The Monk portrays not only sin in general but sexual desire in particular as momentously powerful and perverse; Antonia appears utterly doomed because, the narrative suggests, corrupt sexuality longs to destroy innocence. In another instance of tragic irony, it is Antonia’s purity that marks her out as Ambrosio’s victim. The narrative repeats again and again that Ambrosio is attracted to Antonia precisely because of her lack of sexual desire: “An air of enchanting innocence and candour pervaded her whole form; and there was a sort of modesty in her nakedness, which added fresh stings to the desires of the lustful Monk” (232). This attraction to sexual innocence suggests a gendered power dynamic in which men lust to dominate vulnerable women. Ambrosio appears obsessed with the idea that once Antonia is in the tombs of St. Clare, she will “be absolutely in his power” (232). This dynamic also reflects the novel’s repeated association of sexual desire with destruction and death: Ambrosio gives in to Matilda’s sexual demands as she hovers on the brink of death; Don Lorenzo’s elopement with Agnes leads to his “marriage” to a corpse; Ambrosio murders Elvira when she interrupts his attempt to rape Antonia; and Ambrosio agrees to poison Antonia—making her “the exact image of Death […] She will appear a Corse to every eye” (254)—to sexually assault her. Even as The Monk suggests that religious orders unjustly repress natural sexual desires, the novel still links Sexual Desire, Danger, and Deviance to one another.

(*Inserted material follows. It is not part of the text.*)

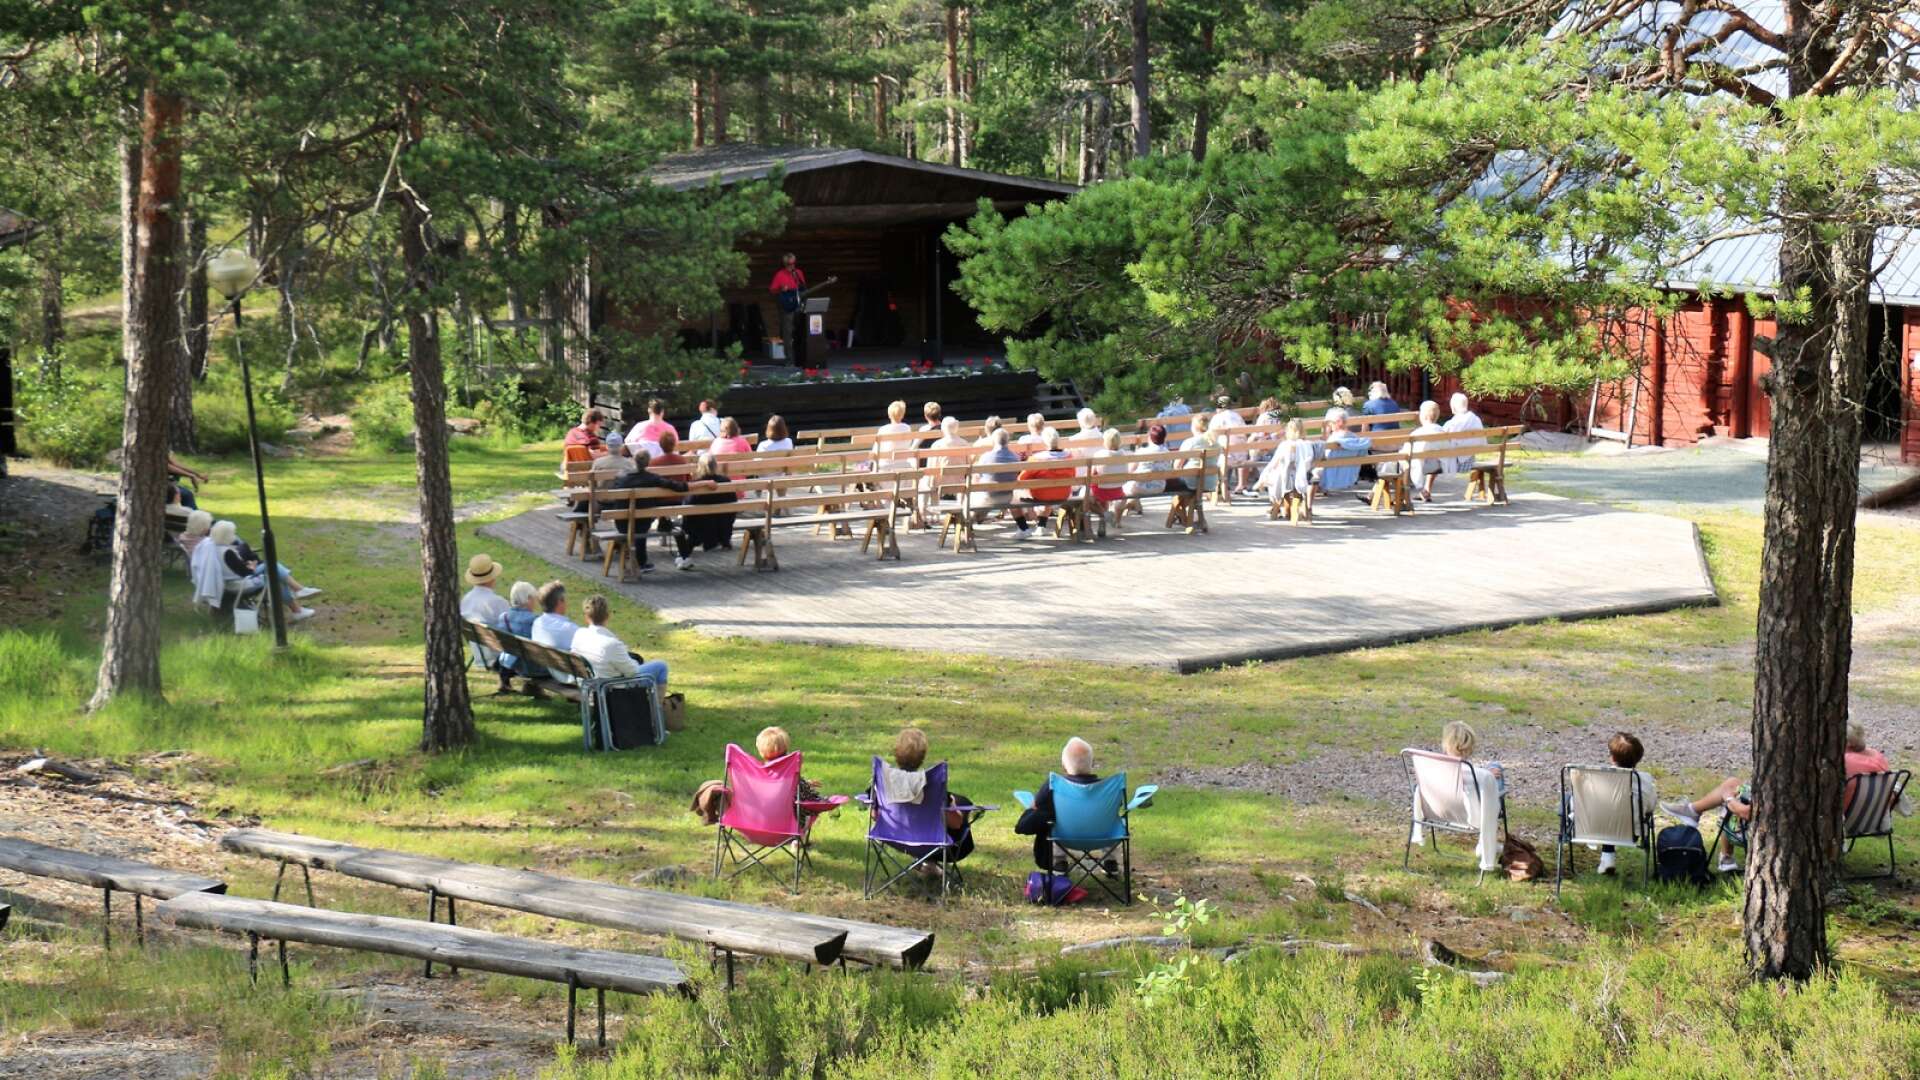  
Publiken såg ut att trivas där de satt utspridda på bänkar och bergknallar den här sista junikvällen som blev den första evenemangskvällen.
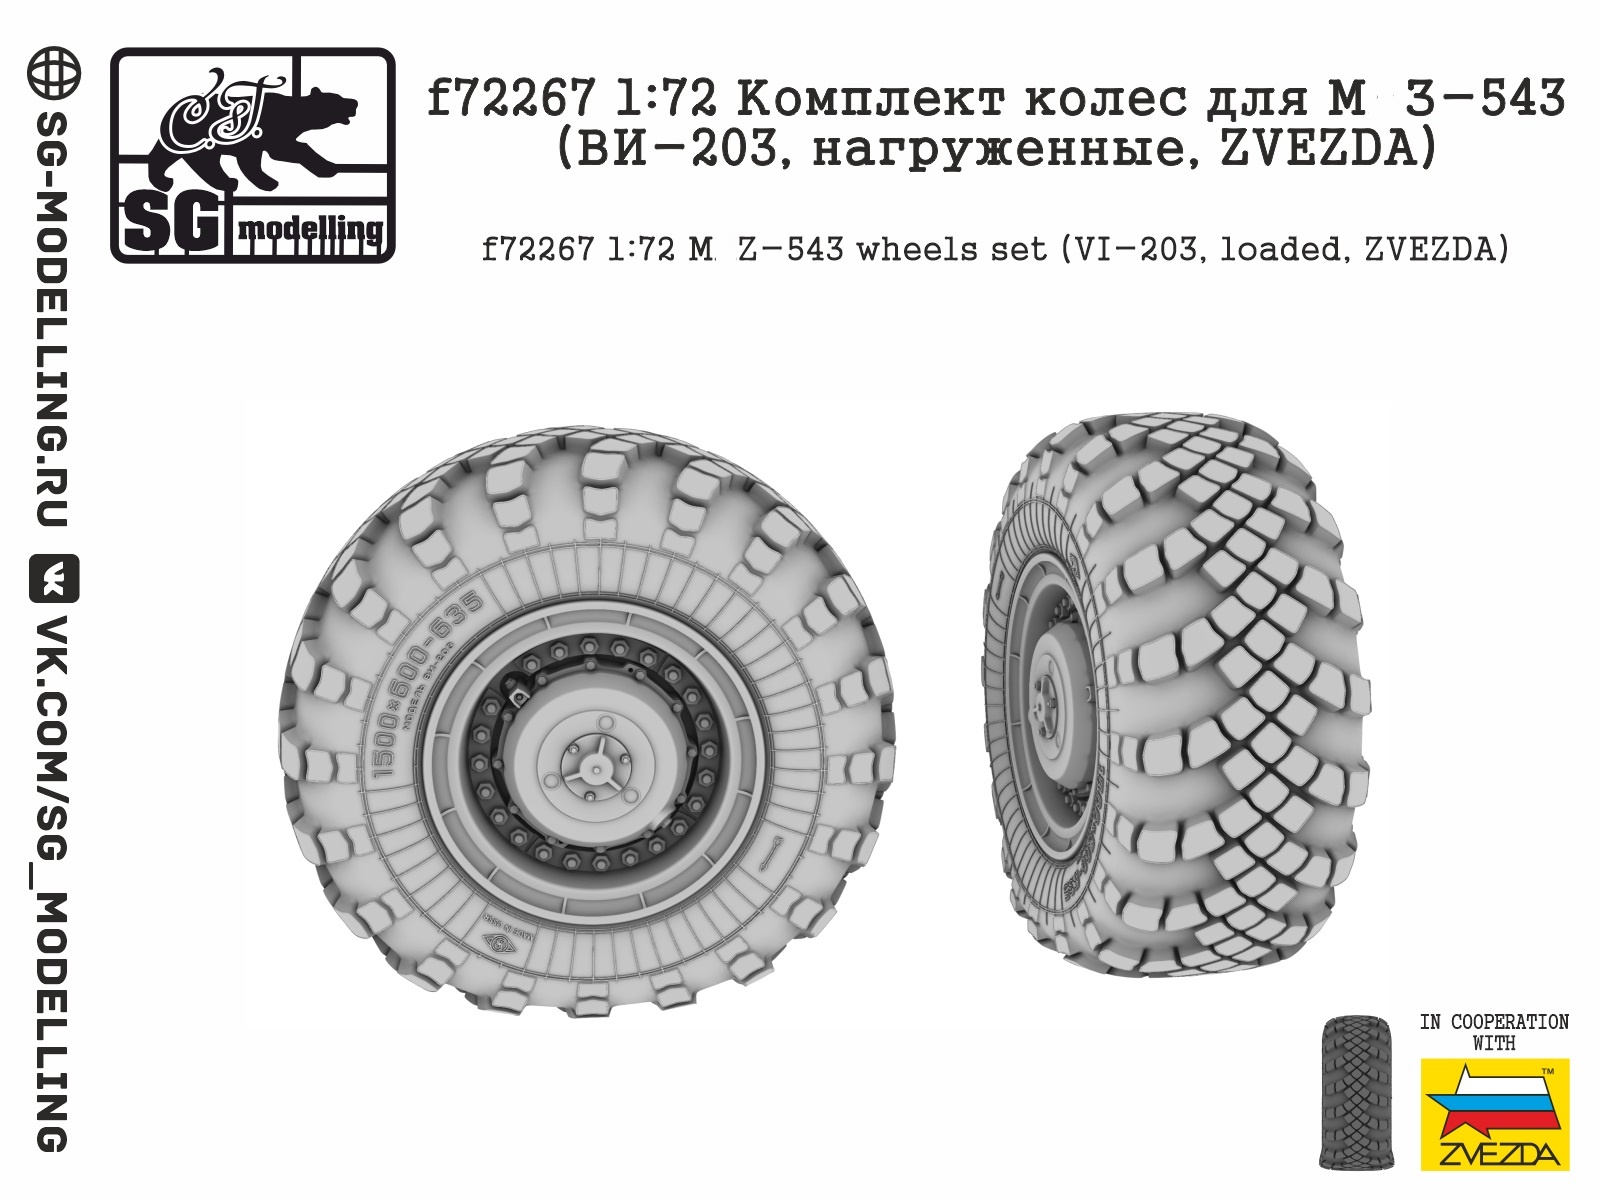 f72267  дополнения из смолы  Комплект колес для М@З-543 (ВИ-203, нагруженные, ZVEZDA)  (1:72)

These chapters also continue the novel’s motif of Dreams and Omens; Elvira’s ghost appears to warn Antonia that she will soon follow her into the afterlife. However, just as Antonia dismissed the fortuneteller’s prophecy earlier in the novel, Antonia ignores her mother’s ghost, convincing herself that she hallucinated her mother’s appearance. The Monk portrays religious hypocrisy as so pervasive—and religious leaders as so untrustworthy—that supernatural beings seem to offer an alternative source of higher truth outside the structures of organized religion. However, the novel’s characters seem unable to make use of these revelations, as these specters simply terrify them. Elvira’s ghost, wrapped in a white shroud, also recalls the Bleeding Nun. Like the Bleeding Nun, Ambrosio is a member of a religious order who commits murder in his pursuit of sexual pleasure; this ghostly appearance foreshadows not only Antonia’s but also Ambrosio’s ultimate demise.